Strength ÷ Bodyweight

“That ratio predicted speed better than people expected,” he said.
“And it correlated with a lot of other performance outcomes.”

“Flaherty got pretty famous.  He worked on all kinds of pro athletes and Olympians.  And Oh yeah, then signed contracts with the NFL and team NIKE!”

“A lot of people consider him one of the fathers of modern sports performance.”


WHEN THE STORY PICKED BACK UP

TRE didn’t leave class confused.

He left curious.

He met with his coaches.

One of them just happened to be that kinesiology teacher.

Together, they built a tailored system for him.


THE OFFSEASON THAT FELT WRONG

TRE still lifted. But less.

He still squatted and deadlifted.
Just not obsessively.

The focus shifted.

Movement.
Acceleration.
Deceleration.
Elastic work.
Change of direction.

Some days the workouts looked… easy.

A few lines on paper.
Sessions that didn’t leave him wrecked.

And yet.

TRE kept getting stronger.

His body changed, even though the scale didn’t.

He looked more athletic.


WHEN SPRING ARRIVED

By the time spring ball came around, TRE was sold.

Not because of numbers.

Because of how he felt.

Then track season hit and it really clicked.

The sprint work.
The mechanics.
The efficiency.

It didn’t just help track.

It amplified athleticism.


THE OUTCOME

TRE didn’t just improve.

He blew past his junior year.

Faster.
Healthier.
More explosive.
More consistent.

The conversations with colleges changed.

Then one turned into a scholarship.


THE FULL-CIRCLE MOMENT

TRE didn’t just accept the offer to go play.
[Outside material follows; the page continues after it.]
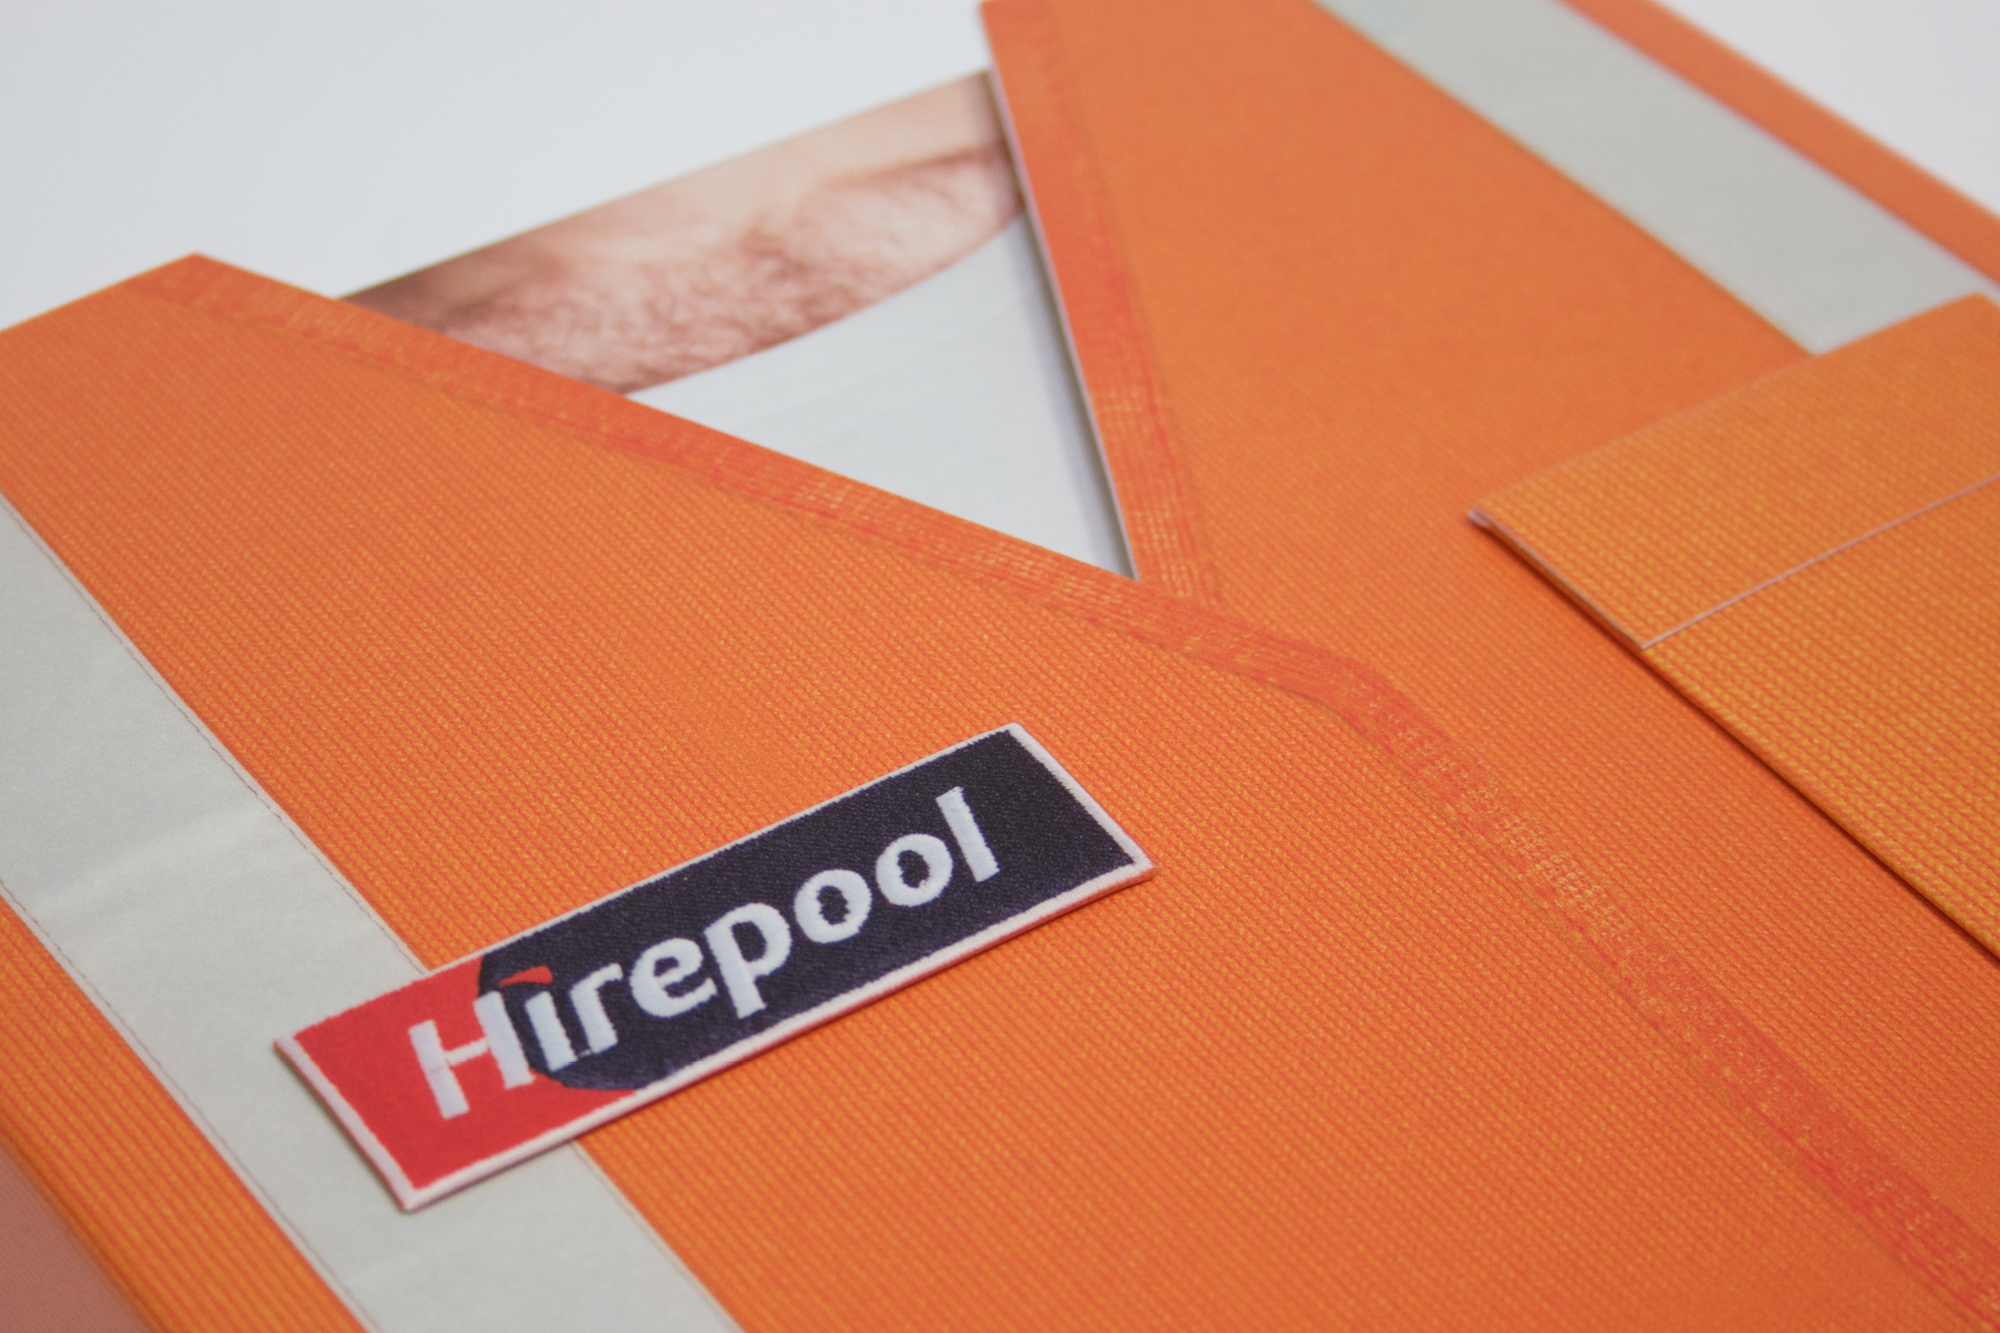 onfire design hirepool tropical getaway packaging design 2

He chose a major.

Sports Performance.

The same field that changed his offseason.
The same science that corrected an old belief.
The same ideas that helped him unlock more of what he already had.


THE PPC LAB TAKEAWAY

No matter what TRE did,
he was going to be pretty good.

But there are advantages to focusing on the right performance parameters.

And it isn’t just size and strength anymore.